Note: The usage of nested paths over keyspace identifiers is NOT allowed in the from-terms, and it results in a syntax error. Nested paths are always considered expressions in N1QL.

Examples

Example 1

The following query is valid because the nested path in the subquery is based on the explicit alias variable k1 in scope.
SELECT * FROM keyspace1 AS  k1 
WHERE (SELECT … FROM k1.subdoc1.subdoc2.field3 …)
Example 2

The following query is invalid and raise error because the nested path is in the outermost query:
SELECT * FROM keyspace1.subdoc1.subdoc2.field3 …
The subquery is based on the keyspace identifiers.

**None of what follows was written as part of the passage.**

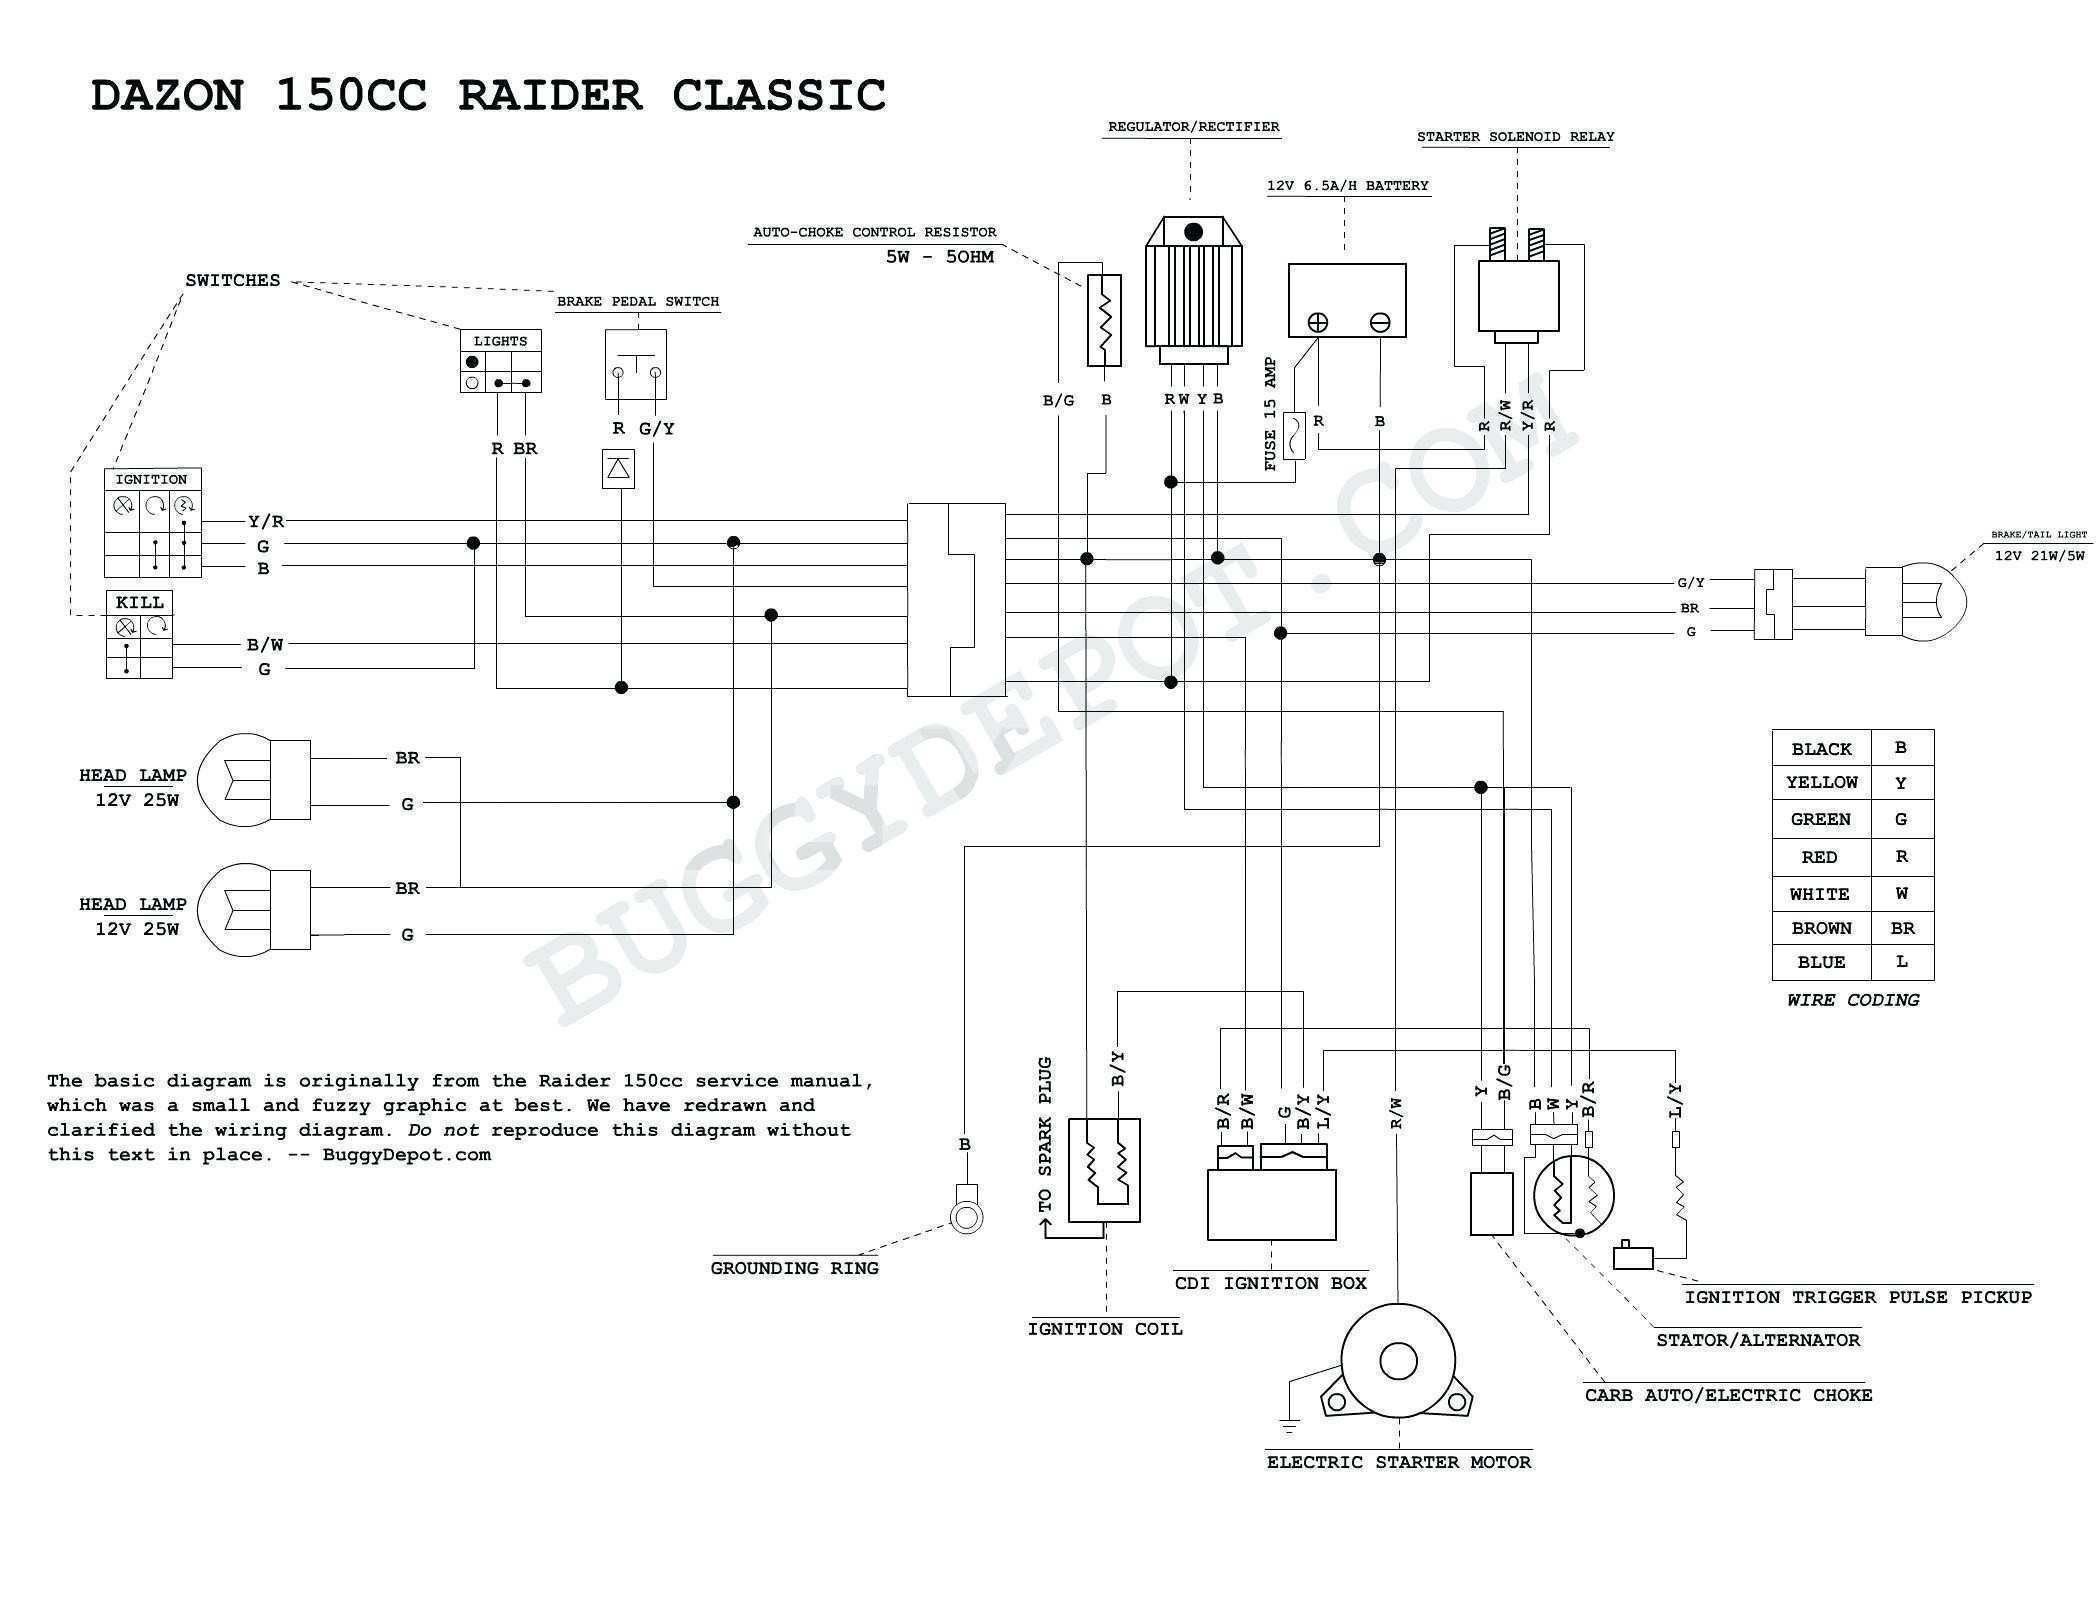 medium resolution of wiring diagram for hogtunes amp diagram diagramtemplate hogtunes wiring diagram

Note that, the outer query has explicit alias defined, and hence the keyspace1/keyspace2 in subquery from-term are treated as identifiers.
SELECT * FROM keyspace1 AS  k1 
WHERE (SELECT … FROM keyspace1.subdoc1.field3 …)

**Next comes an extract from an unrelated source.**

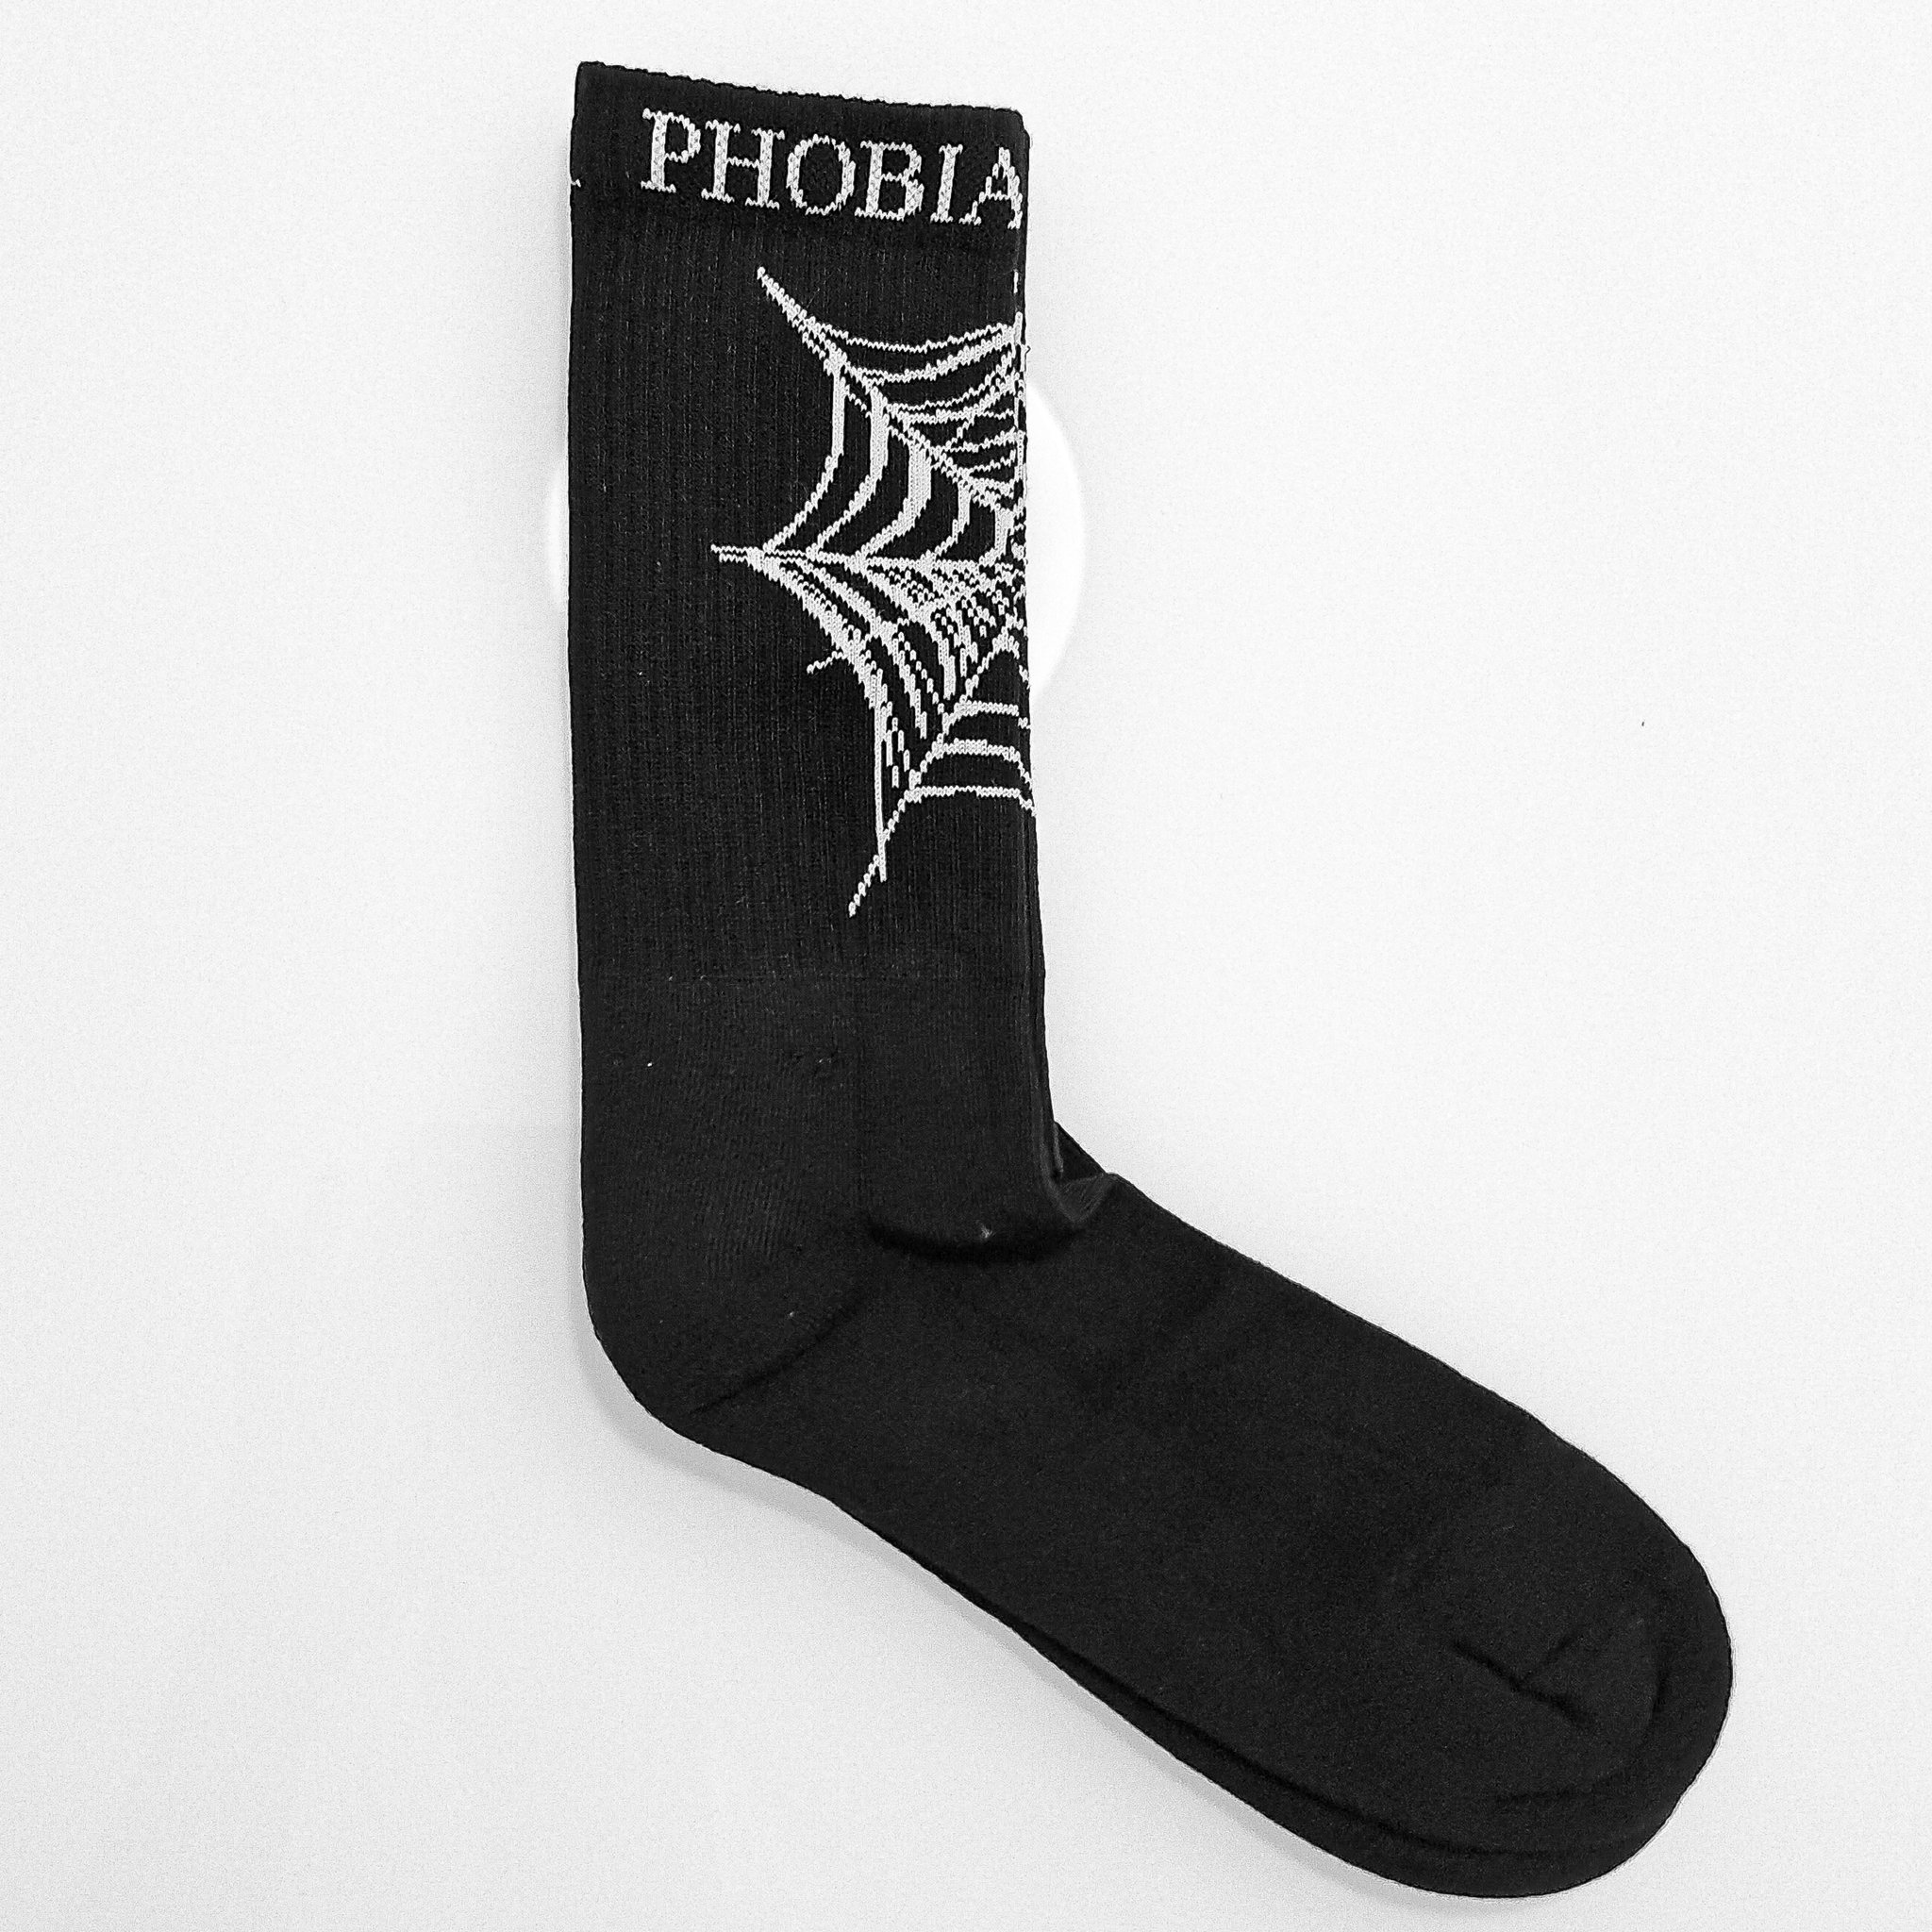 Calze Phobia Ragnatela Black

SELECT * FROM keyspace1 AS  k1 
WHERE (SELECT … FROM keyspace2.subdoc2 …)
Example 3

The following example shows usage of nested path over subquery expression.
SELECT x.alt 
FROM (SELECT geo from `travel-sample` 
      WHERE type = "airport")[*].geo AS x
LIMIT 2;

[
  {
    "alt": 12
  },
  {
    "alt": 295
  }
]
Example 4

The following example shows usage of nested path over constant expression.
SELECT x 
FROM [{"a" : 1, "b" : {"c" : 2}},
      {"a" : 3, "b" : {"d" : 4}}][*].b AS x
LIMIT 2;

[
  {
    "x": {
      "c": 2
    }
  },
  {
    "x": {
      "d": 4
    }
  }
]
Example 5

The following two queries show valid and invalid examples with travel-sample data set. Note the nested paths (in bold) used in the FROM clause of the subquery.
Example Q8: Find airports that are at altitudes more than 4000ft

SELECT t1.city, t1.geo.alt
FROM `travel-sample` t1
WHERE t1.type = "airport" AND 
     (SELECT RAW t2.alt 
      FROM `travel-sample`.geo t2)[0] > 4000;
[
  {
    "code": 3000,
    "msg": "Ambiguous reference to field travel-sample.",
    "query_from_user": "SELECT t1.city, t1.geo.alt\nFROM `travel-sample` t1\nWHERE t1.type = \"airport\" AND \n(SELECT RAW t2.alt \n FROM `travel-sample`.geo t2)[0] > 4000;"
  }
]
Example Q8A: Q8 rewritten to use nested path using outer query variable t1

SELECT t1.city, t1.geo.alt
FROM `travel-sample` t1
WHERE t1.type = "airport" AND 
      (SELECT RAW t2.alt FROM t1.geo t2)[0] > 4000;
[
  {
    "alt": 6537,
    "city": "Grants"
  },
  {
    "alt": 5045,
    "city": "Prescott"
  }, ...
]
Example 6

The following example demonstrates the power of using nested path expressions in correlated subqueries over the array subdocument `travel-sample`.reviews. The example Q9 finds the top 10 hotels and number of reviewers which have Overall rating at least 4 and rated by minimum 6 people.
Query Q9:

SELECT name, cnt_reviewers
FROM `travel-sample` AS t 
LET cnt_reviewers = (SELECT raw count(*)
                     FROM t.reviews AS s 
                     WHERE s.ratings.Overall >= 4)[0] 
WHERE type = "hotel" and cnt_reviewers >= 6
ORDER BY cnt_reviewers DESC
LIMIT 10;

[
  {
    "cnt_reviewers": 9,
    "name": "Cadogan Hotel"  
  },
  {
    "cnt_reviewers": 9,
    "name": "Holiday Inn London Kensington Forum"
  },
  ...
]
Query Q9A:

SELECT name, cnt_reviewers
FROM   `travel-sample` AS t
LET cnt_reviewers = (SELECT raw count(*)
                     FROM `travel-sample` tmp
                     USE KEYS meta(t).id 
                     UNNEST tmp.reviews s                      WHERE s.ratings.Overall >= 4)[0] 
WHERE type = "hotel" and cnt_reviewers >= 6
ORDER BY cnt_reviewers DESC
LIMIT 10;
The above example Q9A is Couchbase Server 4.x equivalent of example Q6 that does not use nested paths in subquery FROM clause. In Couchbase Server version 4.x the FROM clause of the subquery can only have either keyspace identifier name or a subquery. Therefore, it requires a USE KEYS clause on the same document as in the outer query, that is meta(t).id where t refers to the outer query document. Nested paths cannot be used in the FROM clause and hence UNNEST is used on nested structures.